M4G:  Regarding rights, have you thought about getting them?  Where are the scores for the cancelled games, Sovereign and Awakening, and can we hope to see them on DirectSong someday?
JS:  I hope so!  For Sovereign, that’s sitting over at Sony Online, and it’s beautifully recorded.  They did a really great job.  I felt very bad when the game didn’t come out.  I think it was a very ambitious game, and the guys had very good intentions over there.  Awakening is sitting over at Atari right now, and at some point I’d like to release those. With cancelled games, it’s kind of a touchy subject.  I mean, you’re releasing something to somebody’s personal failure, and do they want to be reminded of that?  No.  So maybe I could put it out under a pseudonym if I got their permission. 

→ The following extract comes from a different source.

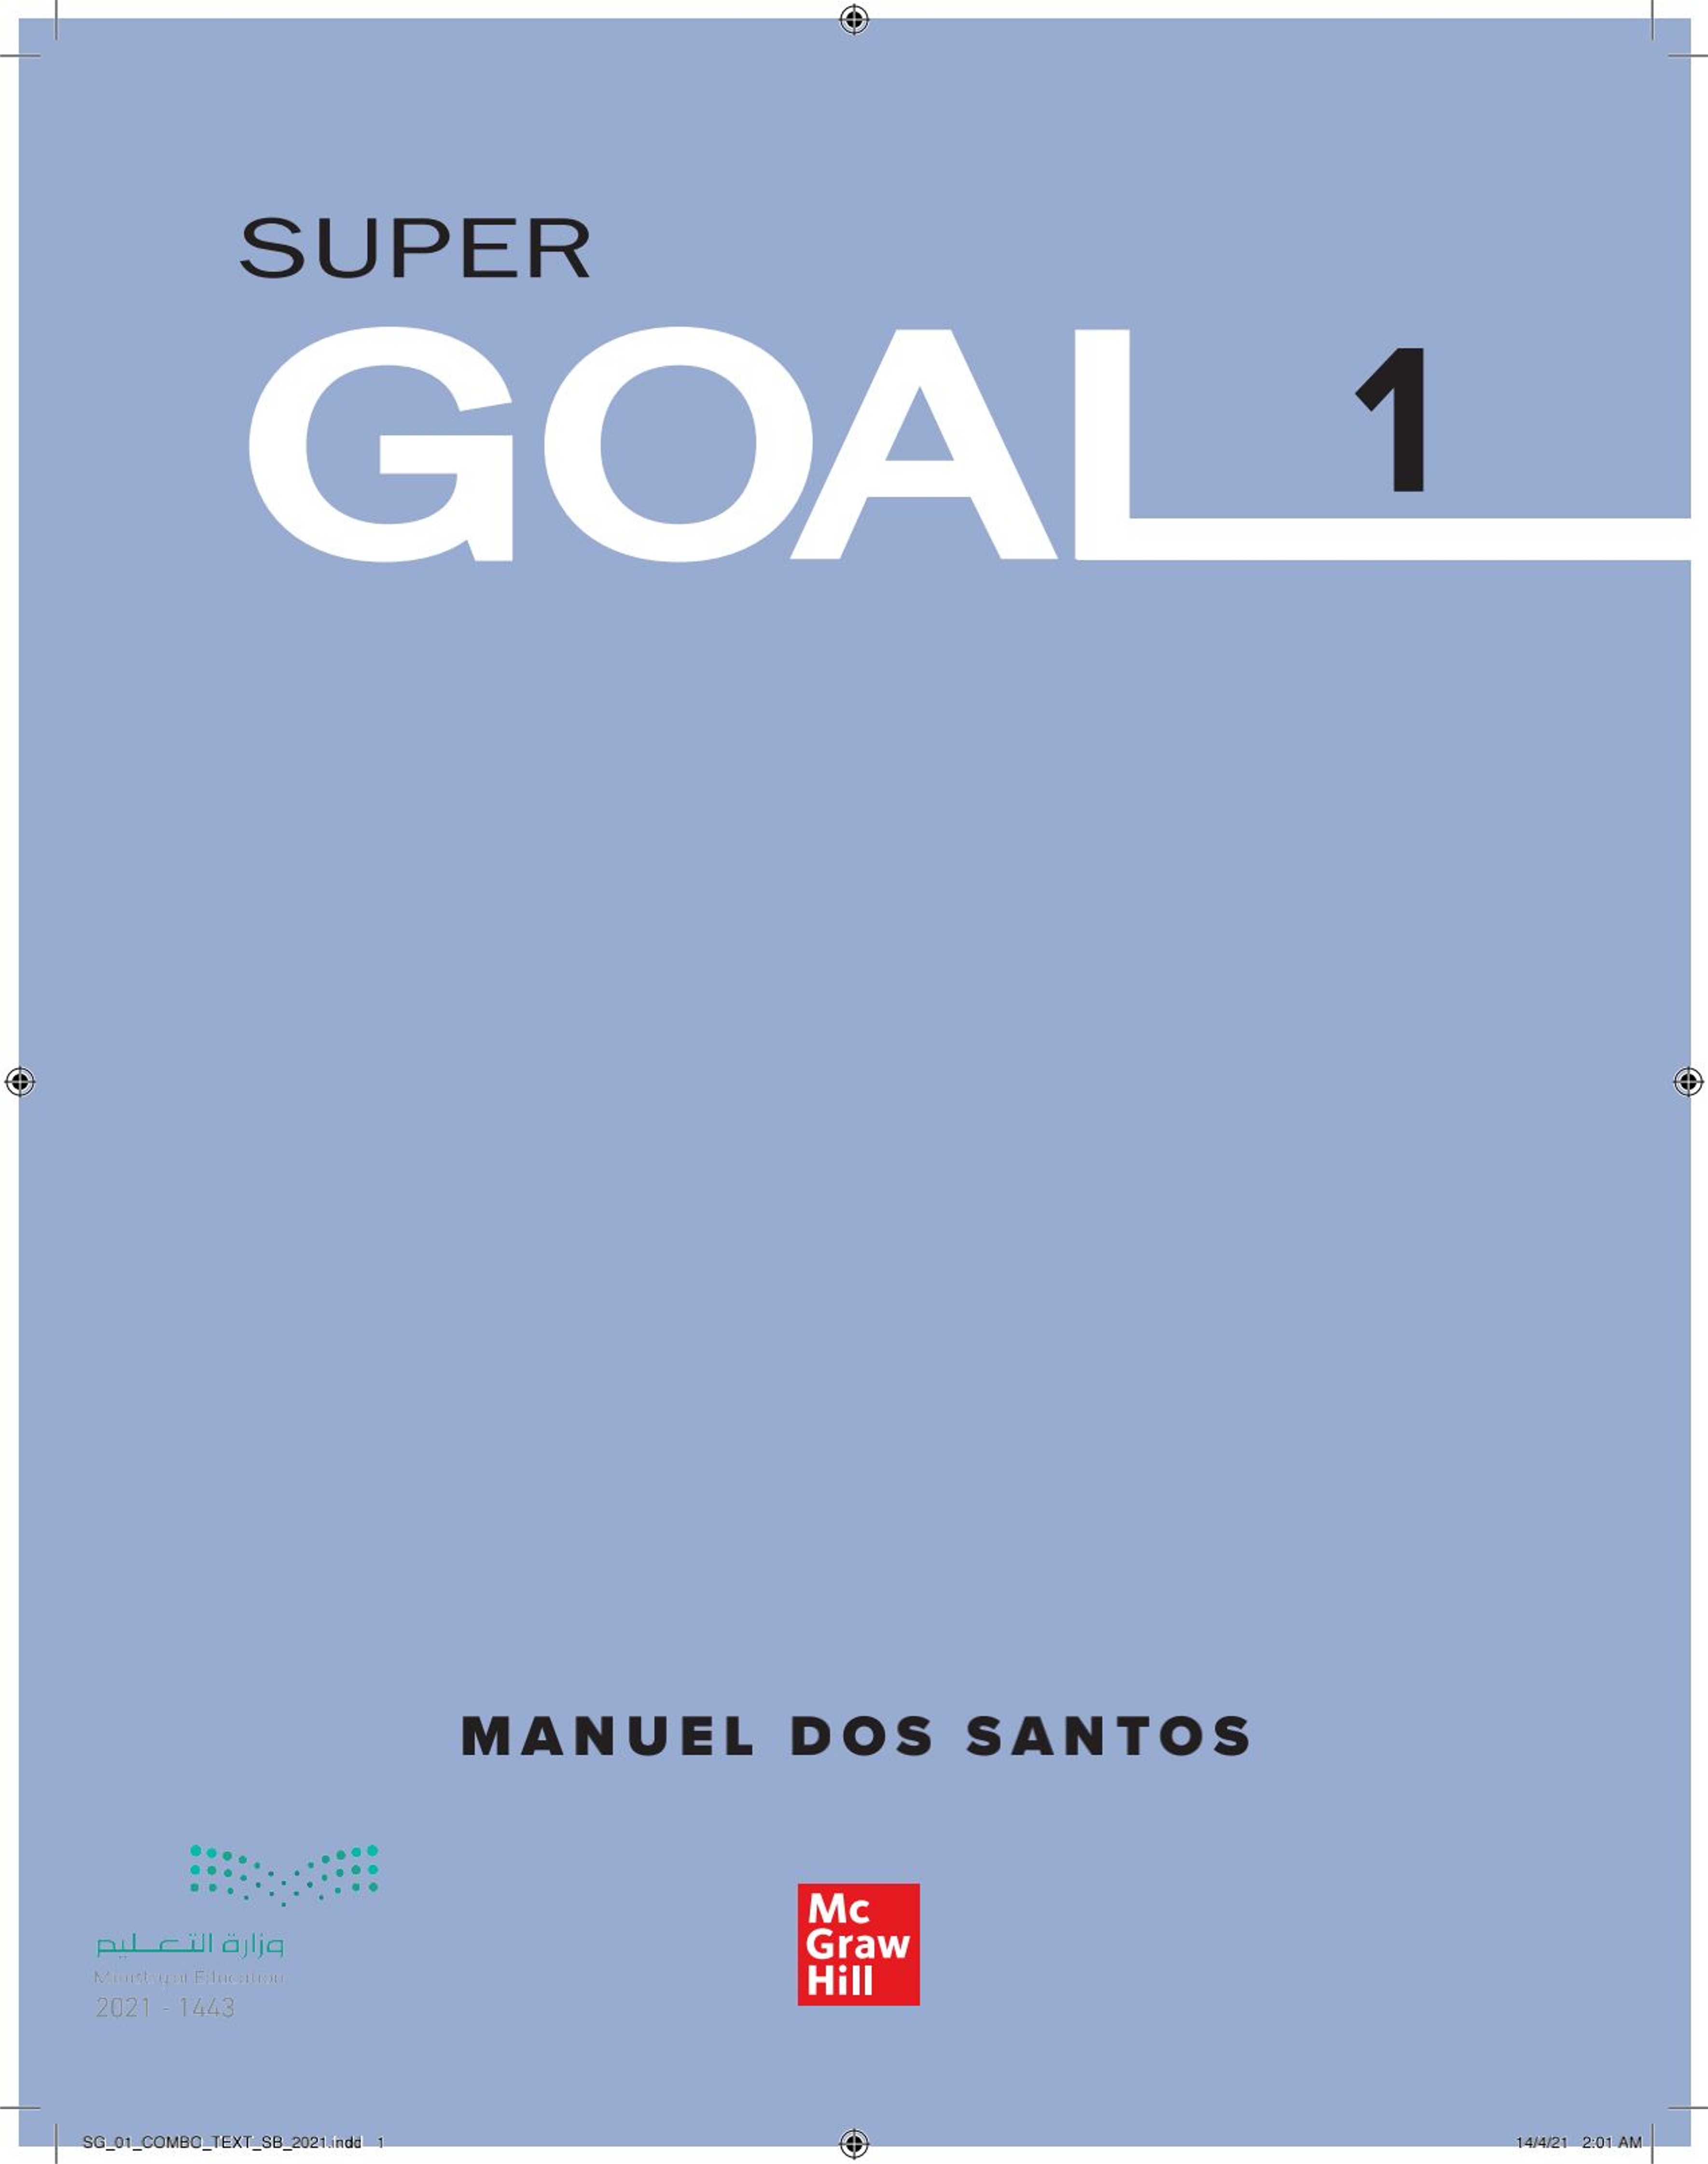 Super-goal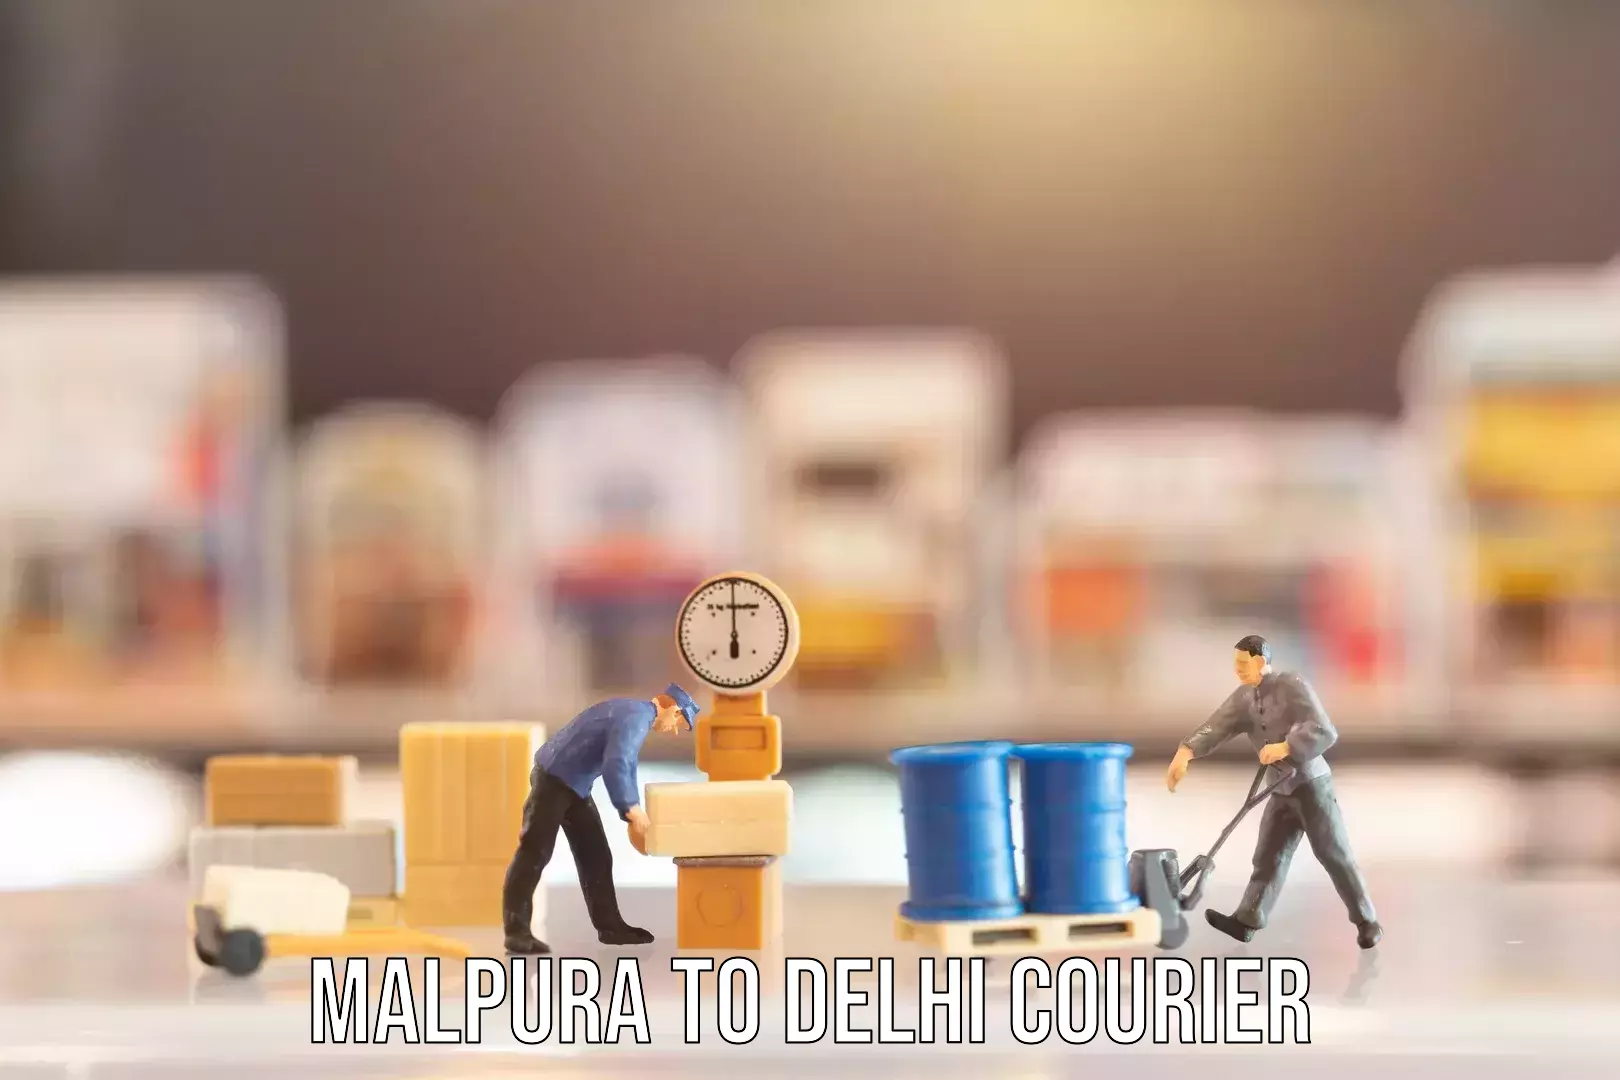 Baggage transport scheduler Malpura to NIT Delhi

M4G:  We’ll call it “Reawakening.”
JS:  Yeah, asleep at the wheel.

M4G:  You’ve done a lot of projects these past couple of years in particular.  How do you field what projects you’re taking on these days?
JS:  I’m doing some crazy, different games.  I mean, people know me for my RPGs, but I’m doing this quirky little game in Asia called Housewife Superstar which… (laughs)
All I know is it’s super-cute!  Right?  And we’ve got some handheld stuff coming up here pretty quick.  We have a cellphone game that’s coming up.  I can’t say what yet, but it’s going back to my roots.  And some sports stuff, and of course we have more Guild Wars.  I’m looking forward to that.

M4G:  So that’s going to be the fourth CD then.  You have three out there, right?
JS:  Ah, it’s just going to keep going.  My next ten years of my life will probably be wrapped up in that game.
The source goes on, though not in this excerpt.